Let's say we have a triangle ABC, a point X in the third of side AB closer to A, a point Y in the third of XB closer to X and then a point Z on BC placed in such a way so that the angles ∠XCB and ∠YZB are the same. What is the ratio of the areas of triangles ABC and XZC.

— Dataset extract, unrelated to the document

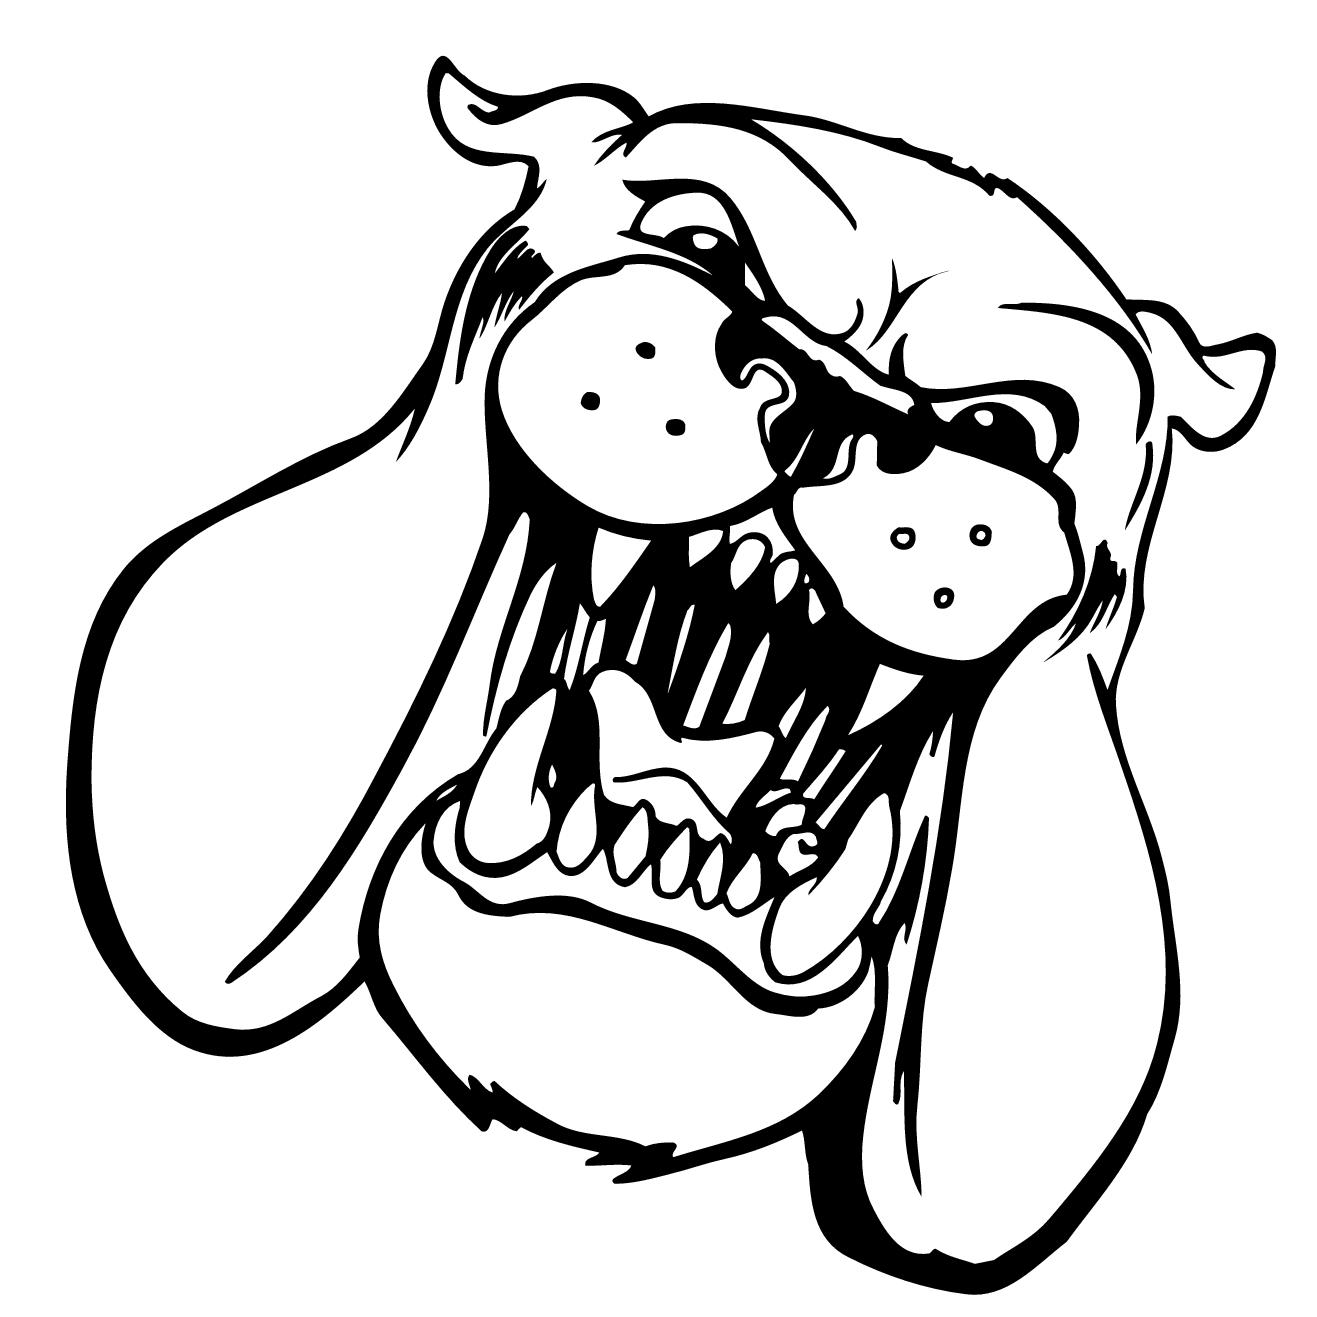 Black clipart bulldog Puppies Free image Bull Pitbull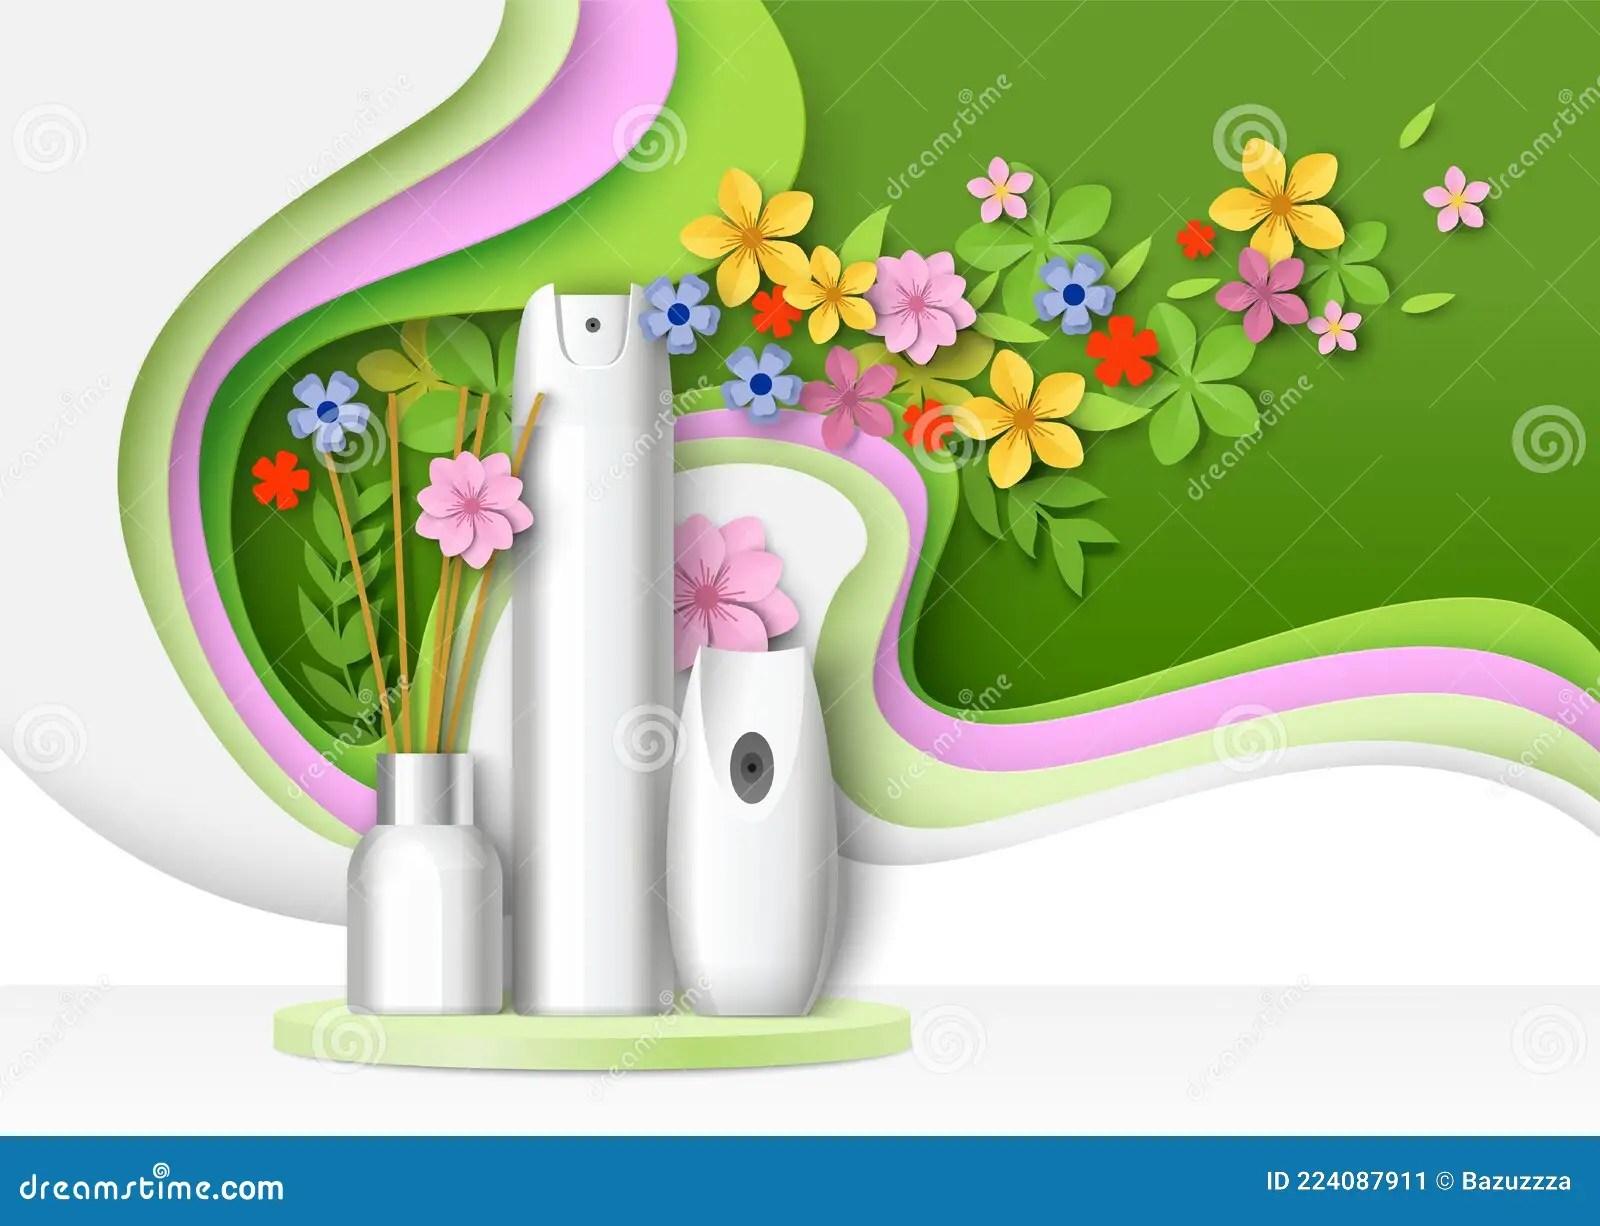 Psd | 36 mb rar. Air Freshener Packaging Bottle Aroma Stick Mockup Set On Podium Paper Cut Floral Background Vector Illustration Stock Vector Illustration Of Package Clean 224087911

The way I solved this is by having a triangle ABC in which the height of the triangle passes through point X and its height is equal to XB. Because we know that triangles XCB and YZB share 1 angle and one of the same size (∠ABC and ∠XCB/∠YZB) we can, therefore, say that ∠BYZ=∠BXC=90°. Make a point H on XC, through which the height of XZC passes. That means that the angle ∠XHZ=90°. We can prove that the length of XY equals HZ, by looking at the fact that lines XH and YZ are parallel and because of the fact that the angle ∠XHZ=90° then also lines XY and HZ are parallel which makes XYZH a rectangle. So now we know that XY=HZ. We can now calculate the areas:

$$ \text{A of ABC} = {\dfrac{1\cdot\dfrac{2}{3}}{2}} = {\frac{1}{3}} $$ $$ \text{A of XZC} = {\dfrac{\dfrac{2}{3}\cdot{\dfrac{2}{9}}}{2}} = {\frac{2}{27}} $$ $$ \text{Ratio} = {\frac{1}{3}}\div{\frac{2}{27}} = 4.5 $$

Is there an easier way of calculating this?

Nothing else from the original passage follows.